What if plants took over telecommunications?
Oeiras, 25 July 2023
To create innovative solutions based on disruptive technologies. This was the inspiration for the Serendipity Collective award-winning project. The out-of-the-box idea, co-developed by Cristina Silva Pereira and Carlos Moreira, Associate Professor and postdoctoral researcher at ITQB NOVA, respectively, was selected among hundreds to be showcased in Berlin, in May. The team had two days to prepare a pitch to sell their idea, which ended up being one of the three winners.
The idea behind the project “Green-G: Connecting all plants on Earth for telecommunications and information management” is nothing less, nothing more than to replace the current telecommunications system with a plant-based one, taking advantage of plants' ability to communicate. “Plants are connected through vast networks underground. They also need receptors to decode and amplify signals”, explains Cristina Silva Pereira. This parallelism inspired them.
The futuristic idea came from an equally unconventional team composed by two senior researchers, a postdoctoral researcher, a technology master's student, and Tom Chatfield, author of the worldwide success “Critical Thinking” and tech philosopher.

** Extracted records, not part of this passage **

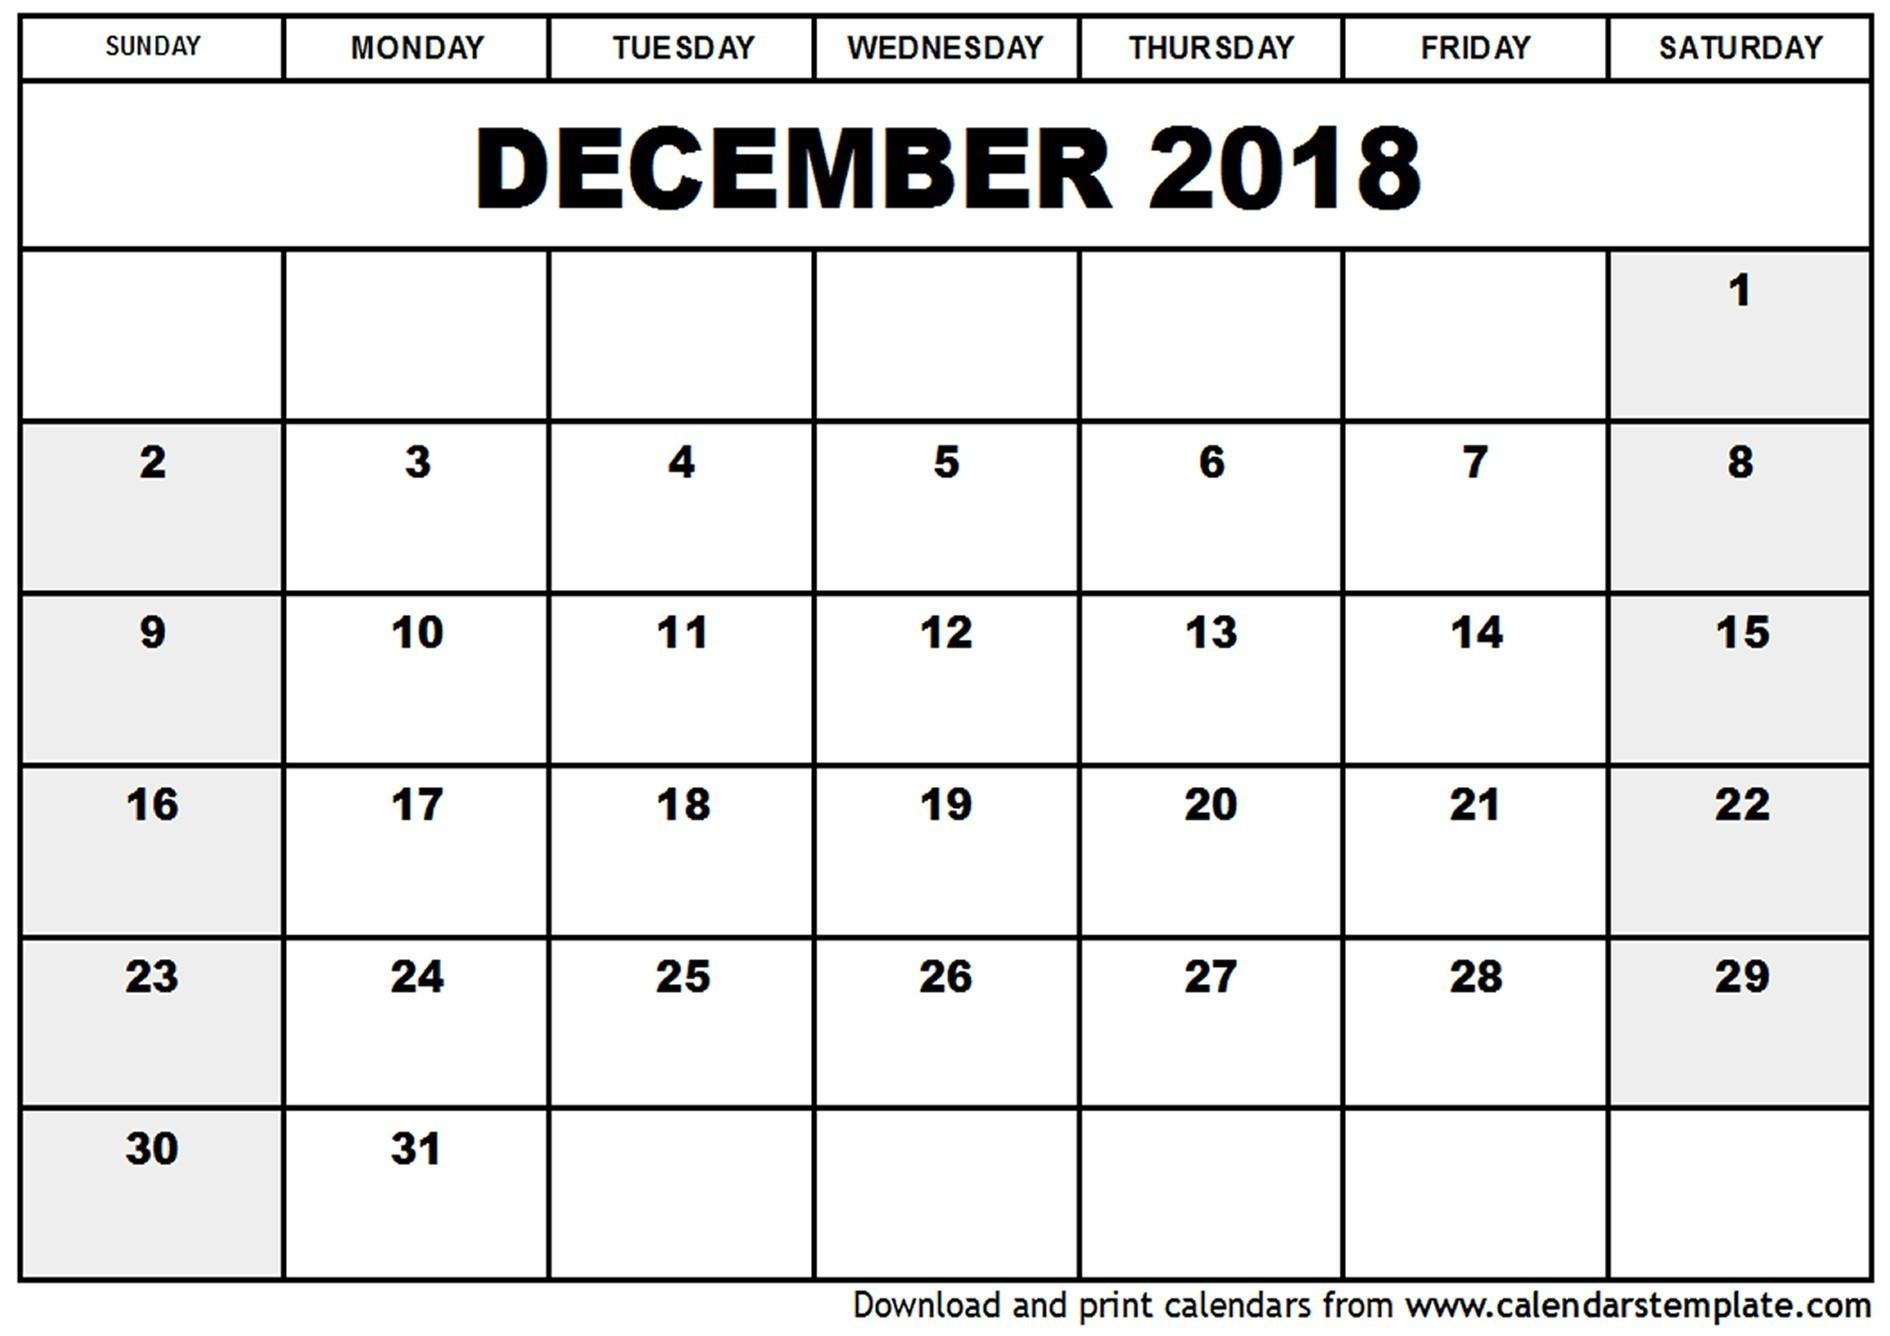 March Calendar 2019 Más Reciente Printable Julian Date Calendar 2019 Julian Calendar Printable Unique Of March Calendar 2019 Actual Gujarati Calendar 2019 Printable Printed for No Cost – Calendaro
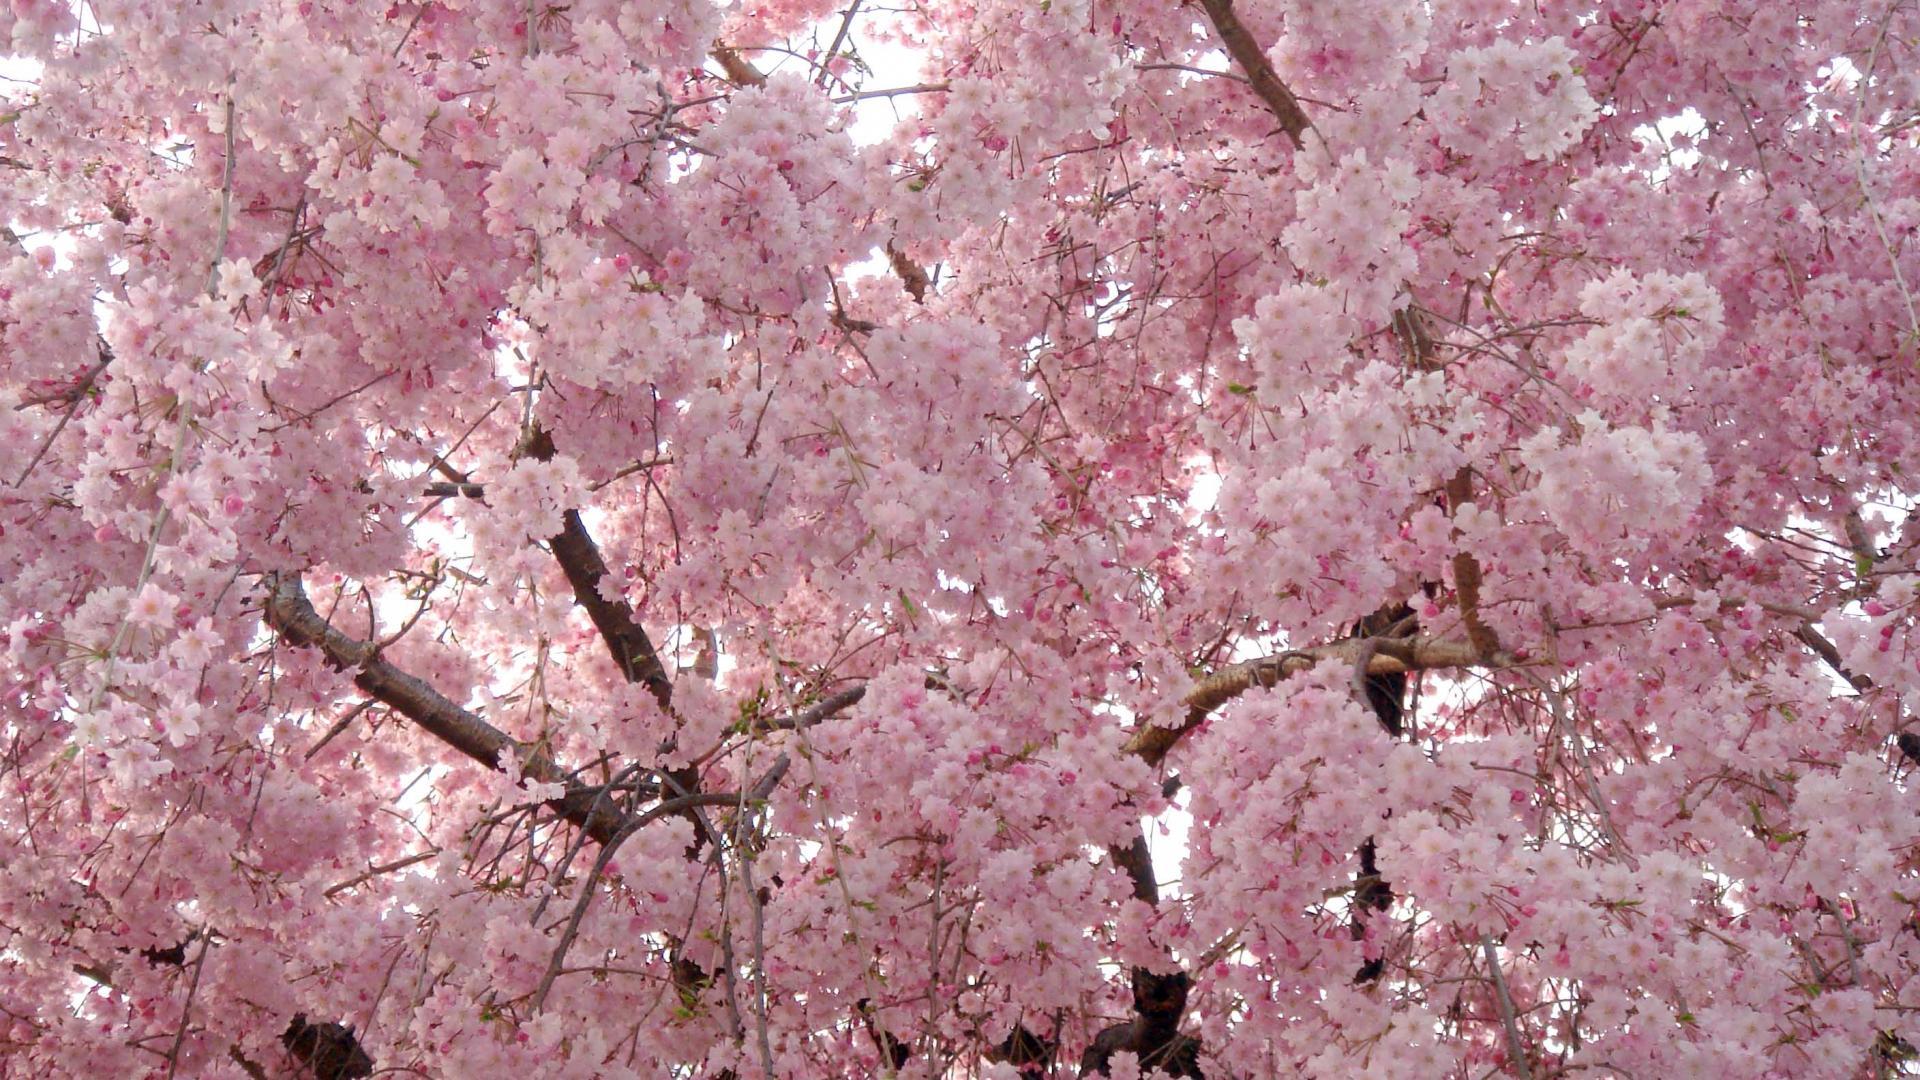 arbre-fleuri-photo-libre-utilisation-diffusion-interdite.jpg
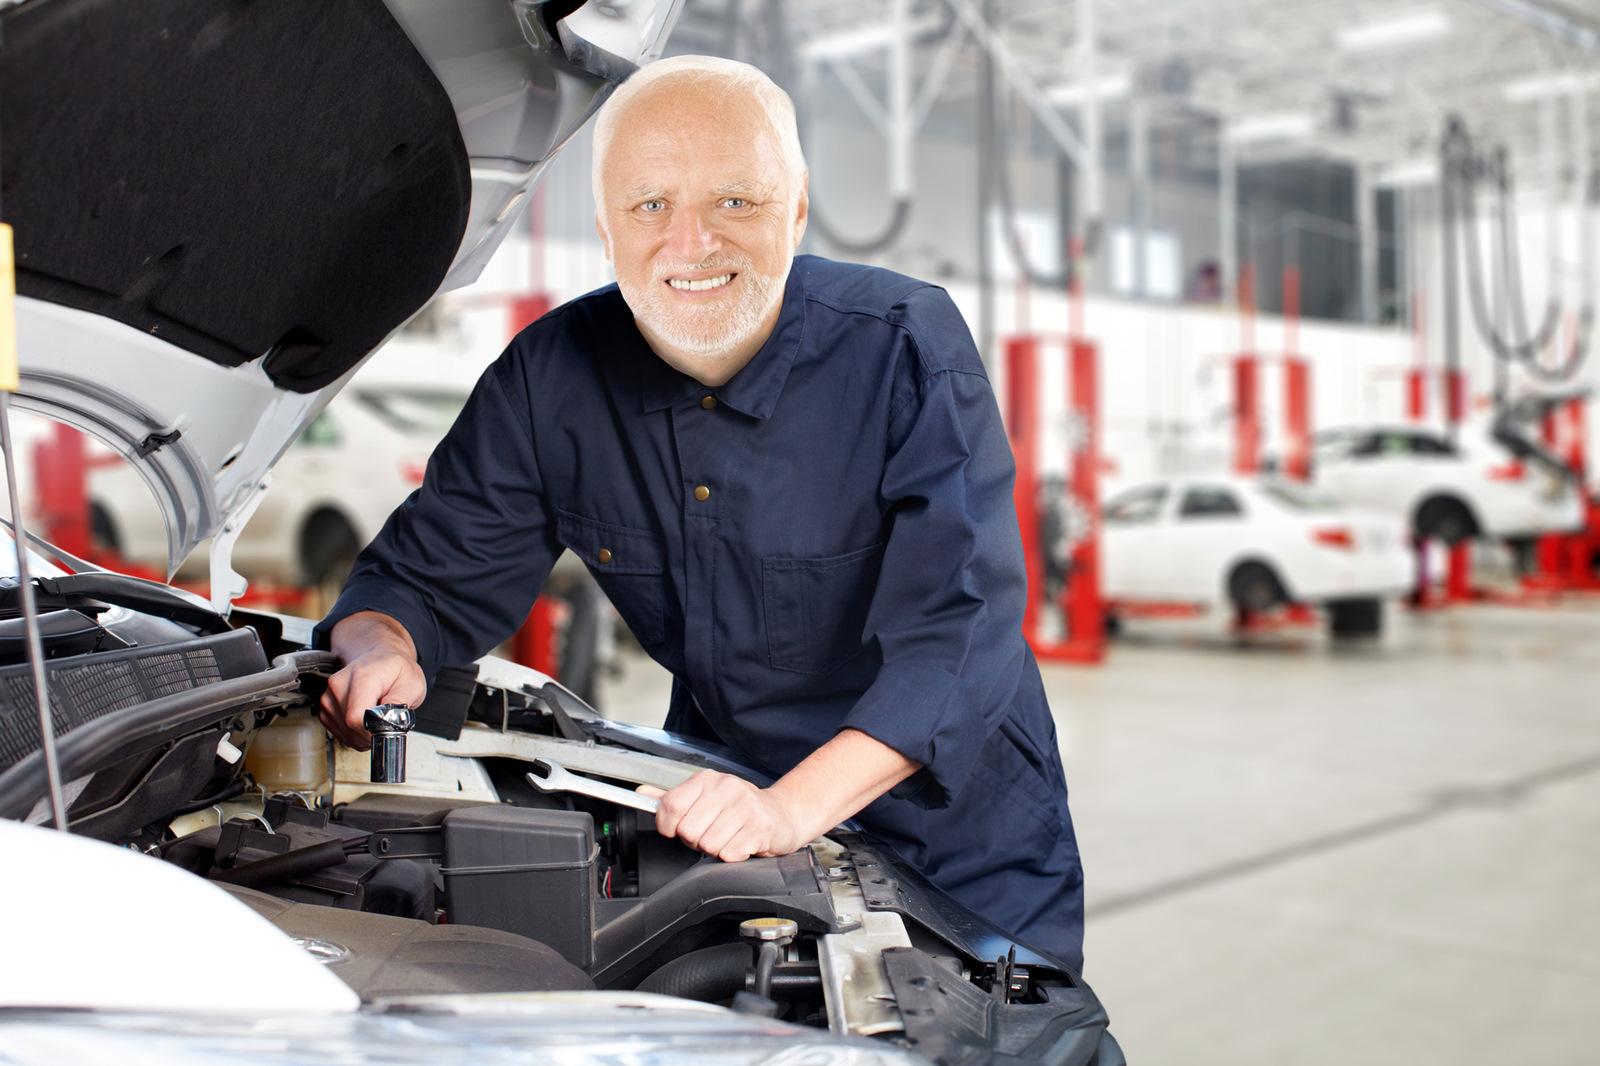 Механик менеджер автомобиля фото

This fusion of talents gave rise to a completely disruptive way of doing science. Challenging the limits of conventional thinking, they wanted to find solutions for problems humanity has not even faced yet. Solutions that only the future could contextualize.
"In 50 or 100 years it is likely that we will have learned to decode all the signals involved in plant communication and that we will even know how to communicate with them", explains researcher Carlos Moreira. "We will be able to listen to forests and use that for the benefit of humanity. For instance, we can make one forest teach another to survive in a threatened area", he exemplifies. With the $50K prize, researchers plan to create an extended consortium to promote advances in the various areas of Green-G.
But how did this unusual project come to life? The driving force for the application came from the Office of Naval Research Global (ONRG), one of the Serendipity Collective sponsors, which already had a history of collaboration with ITQB NOVA. It all started in 2022 when the organization visited ITQB NOVA and showed interest in collaborating with institutions with innovative ideas. This marked the beginning of all serendipity moments that followed, starting with €300K of funding for a project led by Cristina Silva Pereira.
The latter aims to study another mechanism taking place deep in the soil: the growth and development of mycelial cords, specialized root-like structures that fungi use to search for new substrates and survive in nutrient-poor environments. Researchers seek to decode the chemical machinery behind this morphological modification that makes fungi capable of destroying houses and crops.
Both projects are examples of how we can advance science by breaking the paradigm, from its intervenients and methods used to come up with ideas to funding schemes.